According to the report, which cited anonymous sources familiar with the matter, Nokia had built some of its Lumia phones to run on Android before the company’s $7.2 billion acquisition by Microsoft. The Android operating system powers three out of every four smartphones sold, and so a Lumia phone running on Android would be a powerful tool for Nokia’s negotiations with Microsoft, the Times said, though one of the sources cited by the paper noted Nokia’s possibilities with Android weren’t a part of the discussions.
Nokia CEO Stephen Elop has been a popular choice to replace Microsoft CEO Steve Ballmer, who at the end of last month gave the surprise announcement that he would leave the company within a year. Ford Motor Co. (NYSE:F) CEO Alan Mulally and Computer Sciences Corp. (NYSE:CSC) CEO Mike Lawrie have also been rumored as candidates at the top of Microsoft’s list for the position.

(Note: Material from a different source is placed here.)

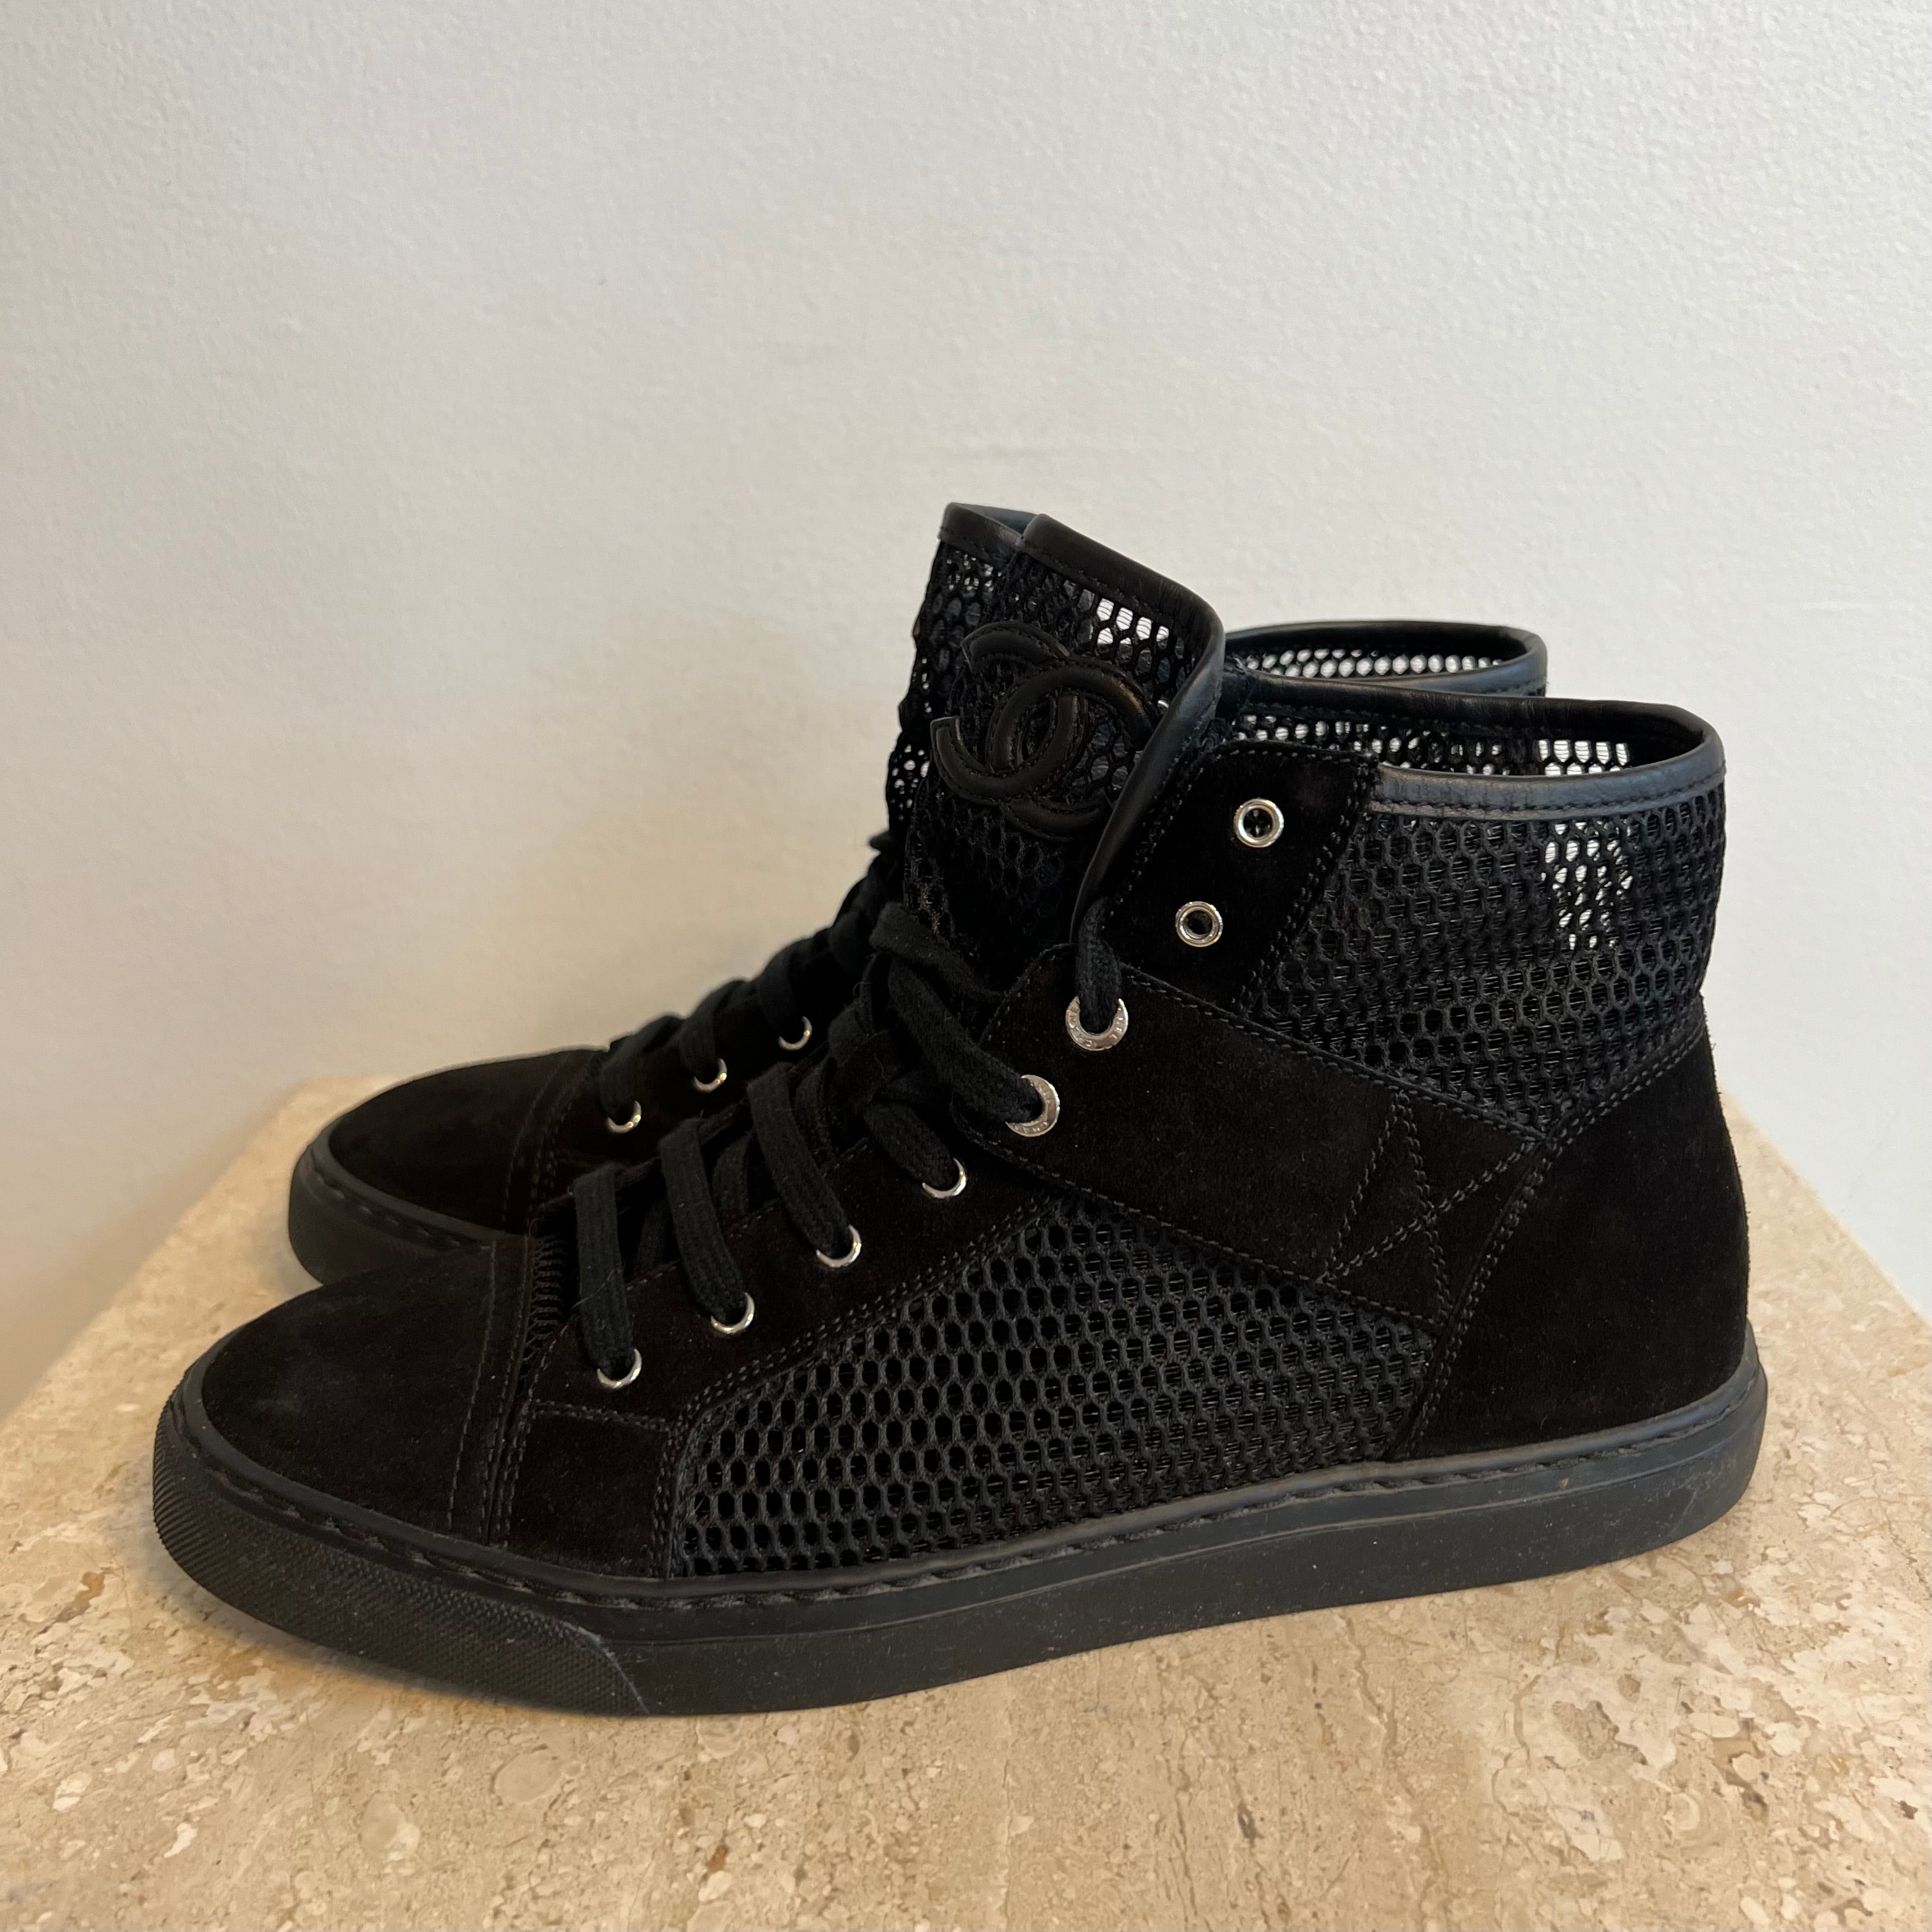 Pre-Owned CHANEL Black Mesh/Suede Sneaker - Size 39

On Thursday, Microsoft will face some big questions during a meeting with financial analysts at the company’s Redmond, Washington, headquarters, according to The Wall Street Journal. Investors are anxious over Microsoft’s CEO search, its recent financial struggles, Ballmer’s restructuring of the company, and the PC maker’s plans for the Nokia acquisition. ”I’ve been going to Microsoft analyst days for a decade,” Brent Thill, an analyst with UBS AG, told the Journal. “I can’t recall one that’s more important than this.”
It’s easy to speculate that Nokia’s phones would be more successful had the company decided to switch to Android, given the huge success of the platform and the fact that Nokia has lost smartphone market share since switching to Windows Phone. But with Microsoft’s acquisition of the entire devices unit of the company, Nokia’s experiments with Android aren’t likely to be going anywhere.